By circular data, we broadly refer to data points on any non-self-intersecting loop. In clustering NN circular points into KK clusters, the "FOCC" algorithm is reproducible with runtime O(KNlog2N)O(K N \log^2 N) (Debnath and Song 2021); The "HEUC" algorithm, not always reproducible, calls the kmeans function repeatedly; The "BOCC" algorithm with runtime O(KN2)O(KN^2), reproducible but slow, is done via repeatedly calling the Ckmeans.1d.dp function.

Value

An object of class "CirClust" which has a plot method. It is a list with the following components:

cluster

a vector of clusters assigned to each element in O. Each cluster is indexed by an integer from 1 to K.

centers

a numeric vector of the means for each cluster in the circular data.

withinss

a numeric vector of the within-cluster sum of squares for each cluster.

size

a vector of the number of elements in each cluster.

totss

the total sum of squared distances between each element and the sample mean. This statistic is not dependent on the clustering result.

tot.withinss

the total sum of within-cluster squared distances between each element and its cluster mean. This statistic is minimized given the number of clusters.

betweenss

the sum of squared distances between each cluster mean and sample mean. This statistic is maximized given the number of clusters.

ID

the starting index of the frame with minimum SSQ

Border

the borders of K clusters

Border.mid

the middle point of the last and first points of two consequitive clusters.

O_name

a character string.
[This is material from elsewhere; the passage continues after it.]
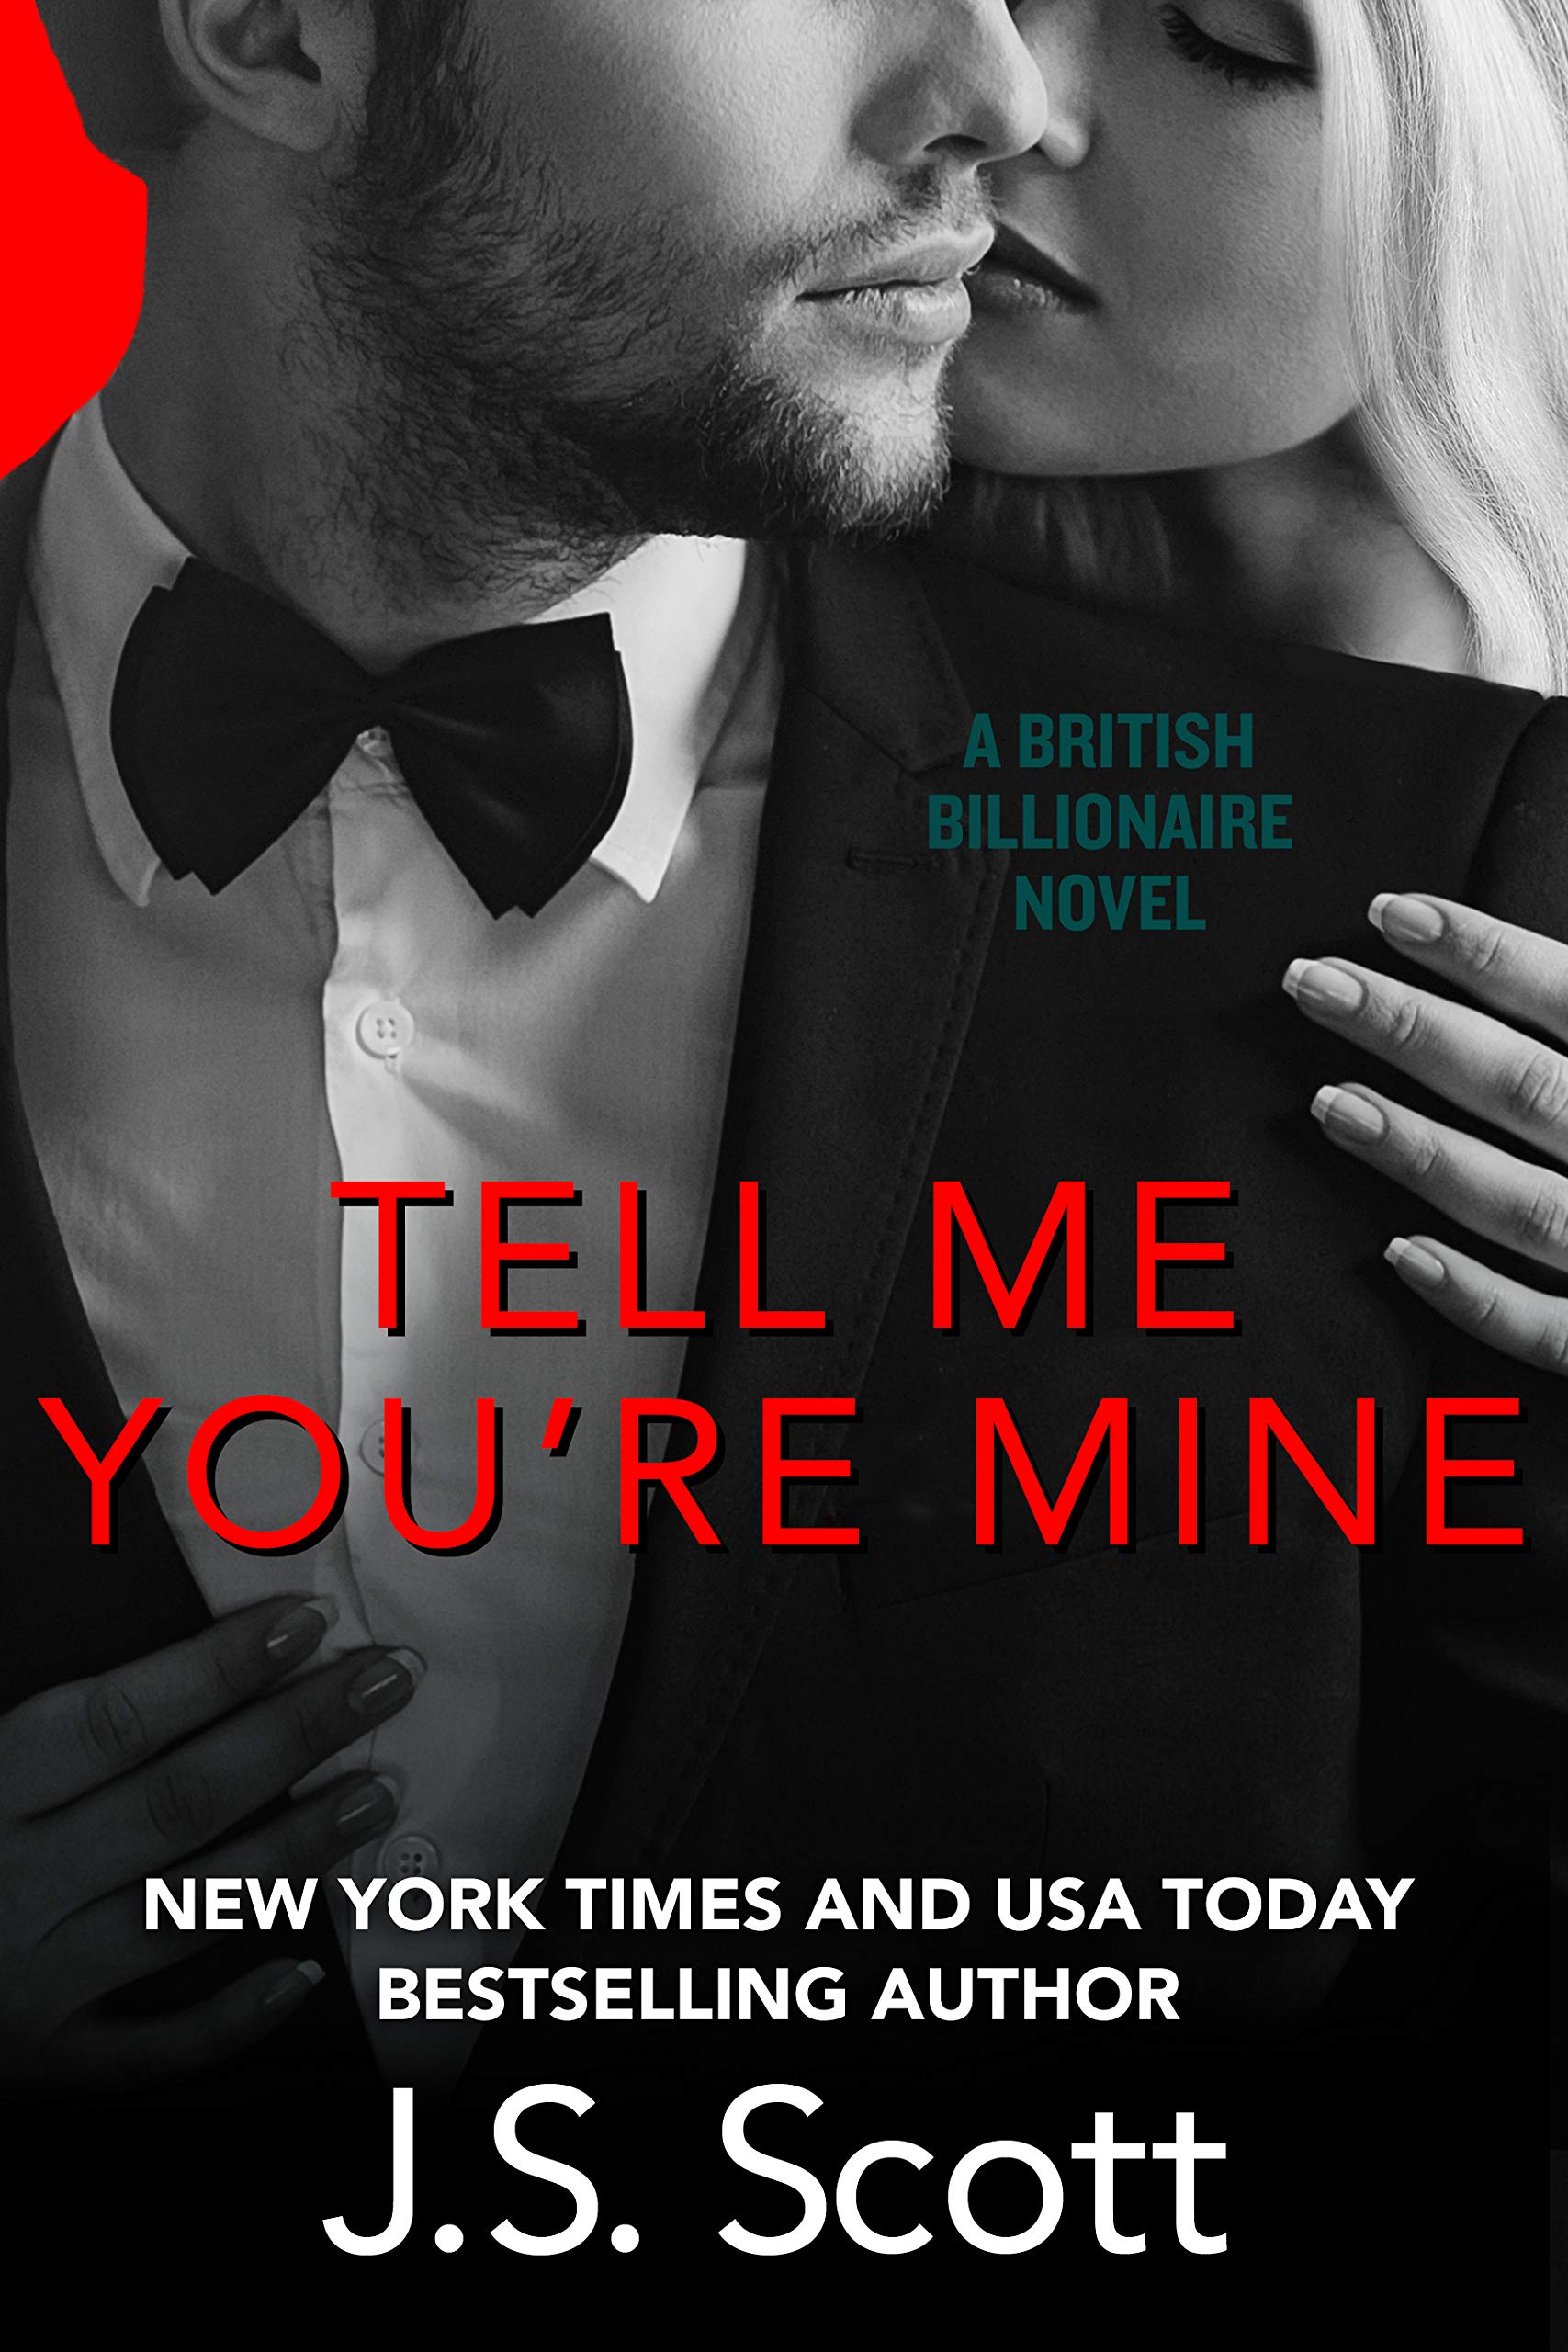 [EPUB] The British Billionaires #1 Tell Me You're Mine by J.S. Scott

The actual name of the O argument.

Circumference

the circumfarence of the circular or periodic data.

References

Debnath T, Song M (2021). “Fast optimal circular clustering and applications on round genomes.” IEEE/ACM Transactions on Computational Biology and Bioinformatics. doi:10.1109/TCBB.2021.3077573.

Examples

O <- c(1,2, 10,11,12,13,14,15, 27,28,29,30,31,32, 40,41)

K <- 3

Circumference <- 42

# Perform circular clustering:
output <- CirClust(O, K, Circumference)

# Visualize the circular clusters:
opar <- par(mar=c(1,1,2,1))
plot(output)
par(opar)

Framed Data Clustering

Description

Find a frame of given size, among all possible such frames on the input data, to minimize the minimum within-cluster sum of square distances.

Usage

FramedClust(
  X,
  K,
  frame.size,
  first.frame = 1,
  last.frame = length(X) - frame.size + 1,
  method = c("linear.polylog", "kmeans", "Ckmeans.1d.dp")
)

Arguments

X

a vector of data points to perform framed clustering

K

the number of clusters in each frame

frame.size

the number of points from X to be included in each frame. It is not the width of the frame.

first.frame

starting index of the first frame to be clustered. The first point in the first frame is X[first.frame].

last.frame

starting index of the last frame to be clustered. The first point in the first frame is X[last.frame].

method

the framed clustering method. See Details.

Details

The method option "linear.polylog" (default) performs fast optimal framed clustering. The runtime is O(KNlog2N)O(K N \log^2 N) (Debnath and Song 2021).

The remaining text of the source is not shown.